Similar to Gu et al., (2015) the body and brain weights of Q31 mice were normal; however, to our surprise MSNs from these mice exhibited several significant physiological and morphological differences from WT and Q97 neurons. Deletion of the N17 domain of the mHtt gene in BACHD mice results in physiological phenotypes similar to those reported in other models, but not seen in the BACHD model alone; is it possible that the deletion of N17 may also affect how the normal Htt protein influences physiological and structural properties of MSNs? Our data suggests that the answer to this question may be yes. Q31 MSNs exhibited significant alterations that were not seen in MSNs from WT or Q97 mice including: a longer time constant, hyperpolarized action potential threshold, higher action potential firing frequency, increased amplitude EPSCs and IPSCs and reduced dendritic lengths. Thus, our data suggests that deletion of N17 from WT Htt results in changes to MSNs which may be a consequence of nuclear inclusion of the WT Htt protein. Htt has been demonstrated to interact with various transcription factors and regulators and thus to influence gene expression [7678]. If the normal distribution of Htt is disrupted by the deletion of N17, it is possible that nuclear inclusion of Htt disrupts expression of genes responsible for ion channels and structural proteins that influence neuron function and structure. While it is hypothesized that changes to channel gene expression underlie many of the physiological abnormalities reported in mouse models of HD, it is clear that the deletion of the N17 domain results in changes to gene expression in BACHD mice [48], the Q31 (BACWTΔN17) model may also experience changes at the genomic level and future studies of this model may be useful in understanding how the various domains of the Htt gene influence transcription.
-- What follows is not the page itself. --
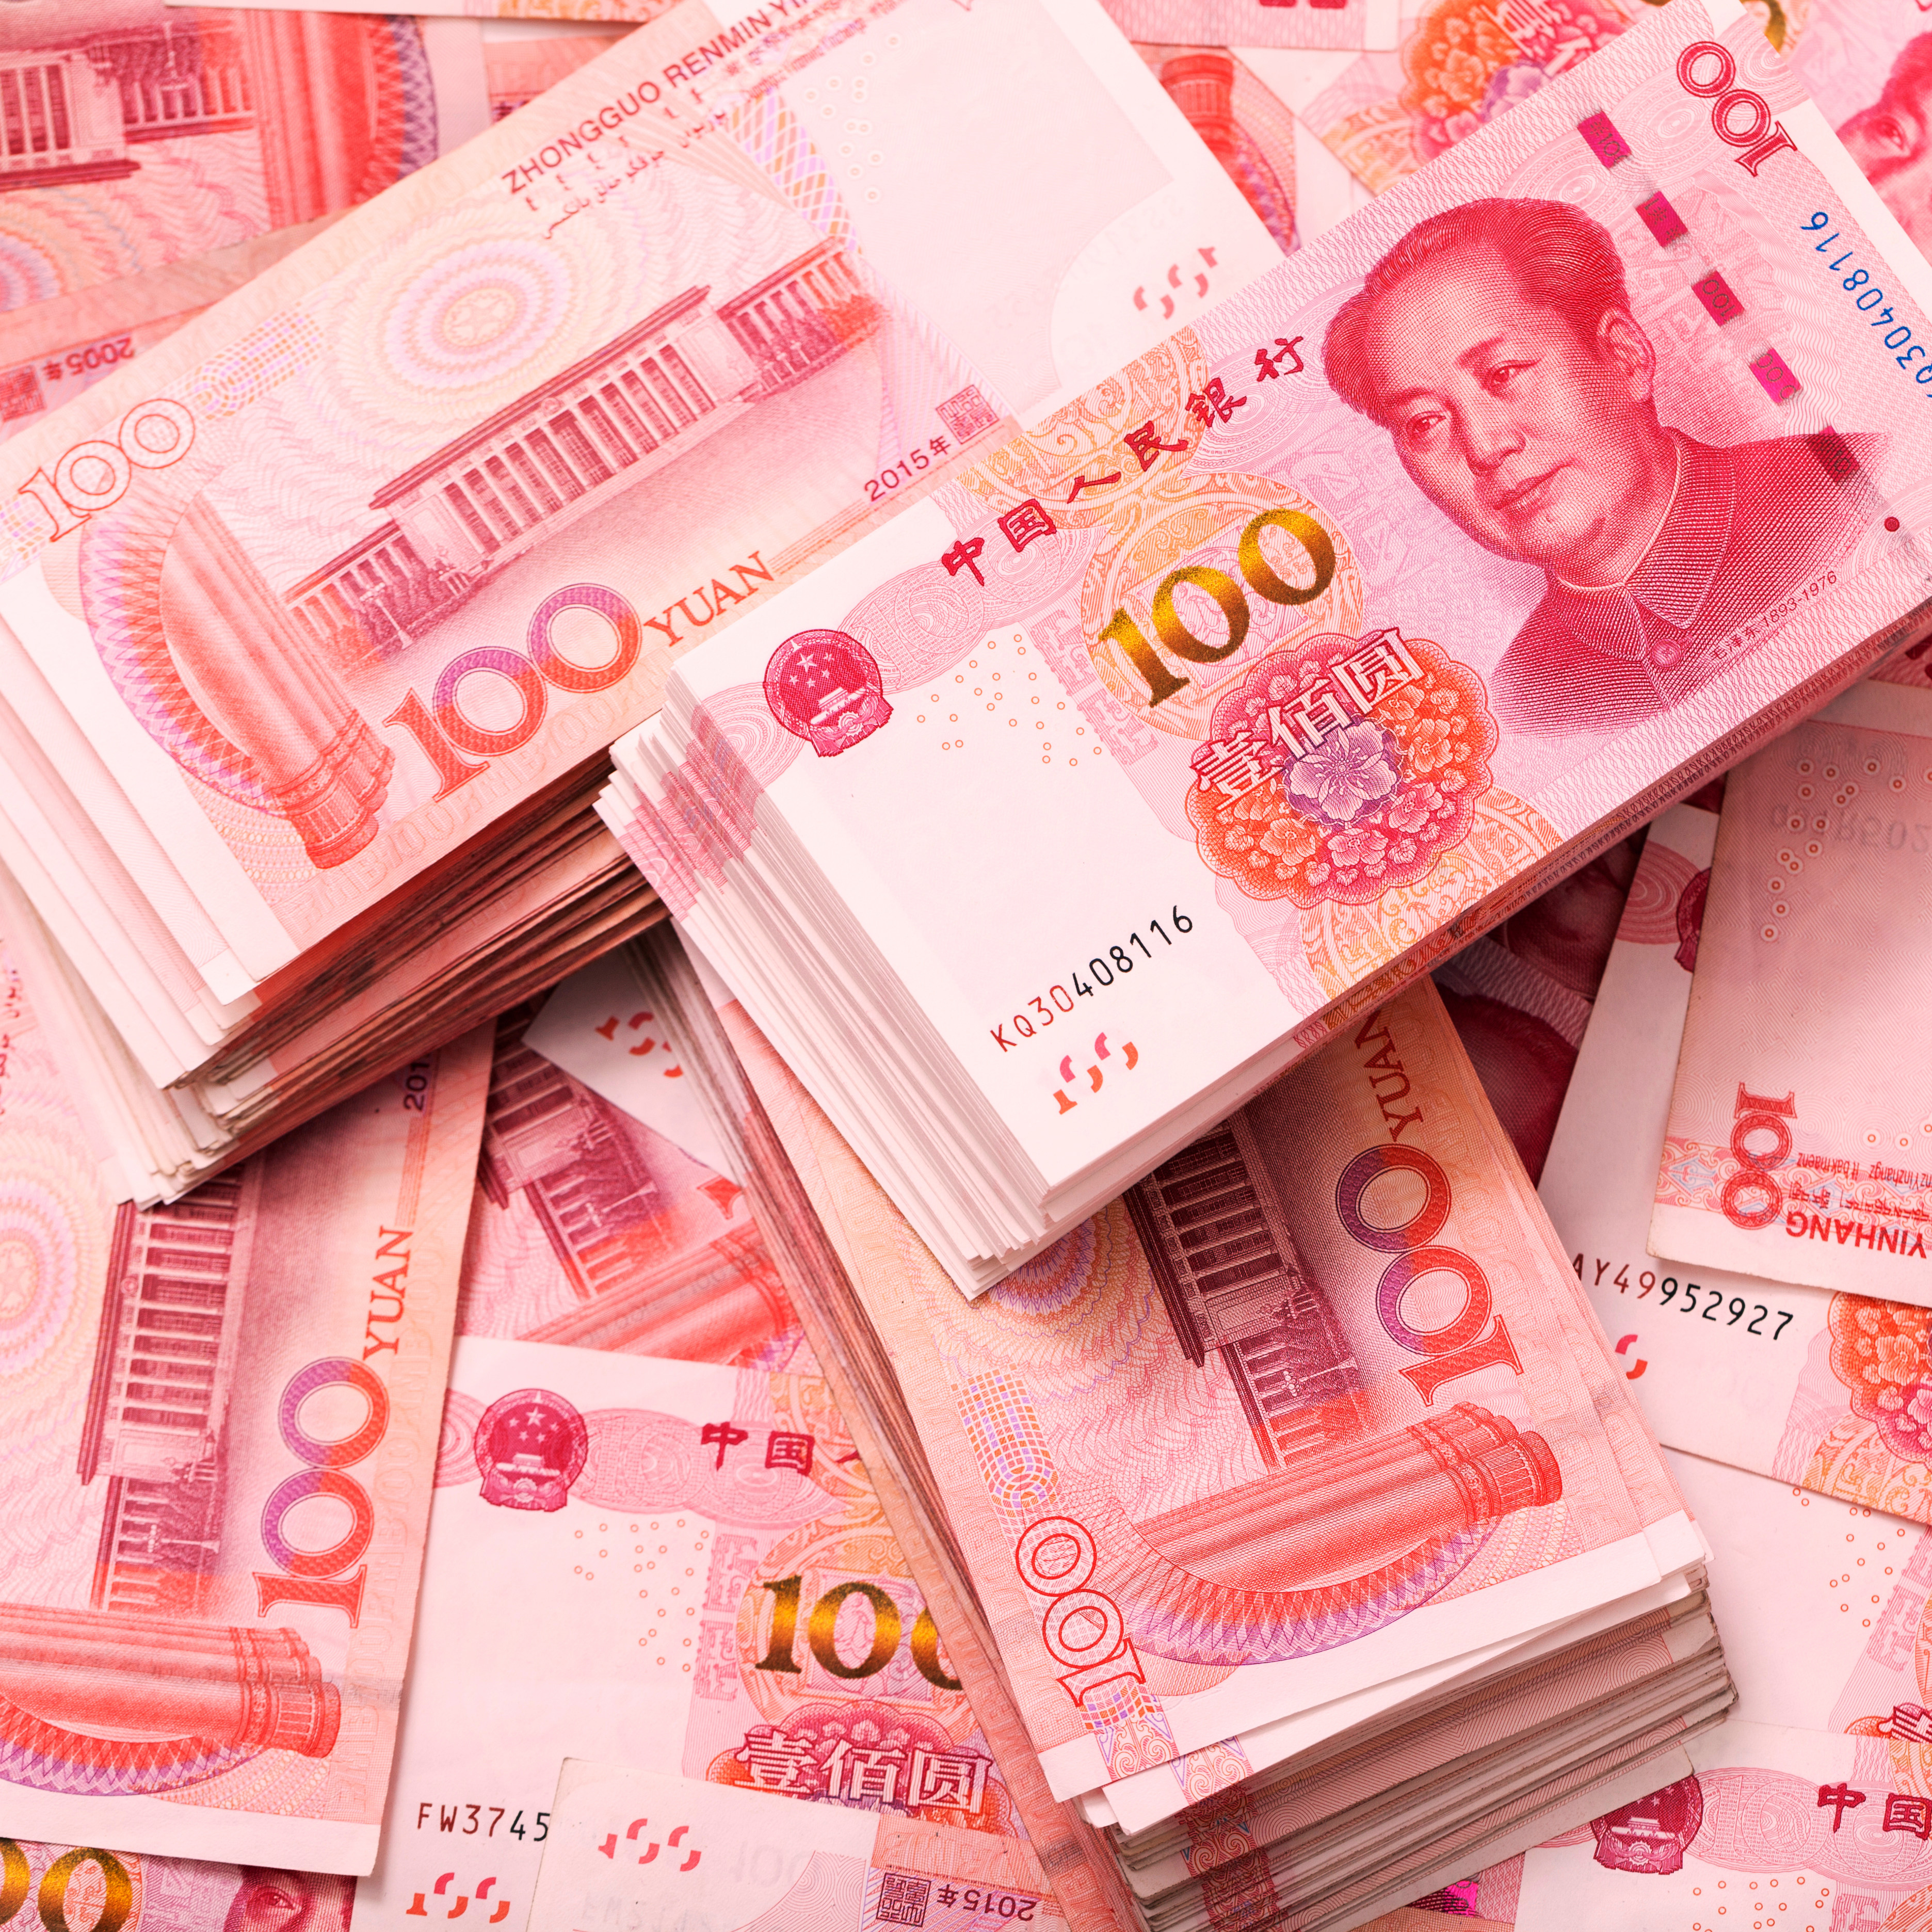 China’s new financial regulatory body under the Communist Party’s Central Committee has begun operations. Photo: Shutterstock

Implications of these findings for N17 in HD

Our findings in the Q97 (BACHDΔN17) mouse suggest a role for the N17 domain in the presentation of HD-like phenotypes seen in other mouse models of HD. While many of our electrophysiological findings mirror studies in other models, there are some differences which indicate the importance of the N17 domain and potentially mHtt cytoplasmic localization in pathogenesis. First, BACHDΔN17, but not BACHD mice, mirror other mouse models with a decrease in body weight at advanced ages and may be related to the nuclear inclusion of mHtt species in the BACHDΔN17 resulting in transcriptional changes. Second, the BACHDΔN17 exhibited changes to physiological properties of MSNs not seen in the BACHD which may be related to transcriptional down regulation of potassium channels reported in the BACHDΔN17, but not seen in BACHD mice. Third, the preservation of dendritic spines in MSNs of Q97 mice indicates the nuclear inclusion of mHtt may prevent dysfunctional association of mHtt with cytoskeletal elements in this model, preventing the manifestation of the spine loss phenotype. Finally, the lack of prominent differences in D1- and D2-MSN sub-populations suggests that the deletion of the N17 domain may partially normalize the effects that cytoplasmic mHtt has on the differential pathophysiology and phenotypes seen in MSN sub-types. Together, our findings are consistent with the notion that N17 plays a role in modifying the functions of both WT Htt and mutant Htt in this mouse model of HD.

Acknowledgments

We thank CHDI for financial support of this project and Drs. Maya Medalla and Christina Weaver for helpful comments.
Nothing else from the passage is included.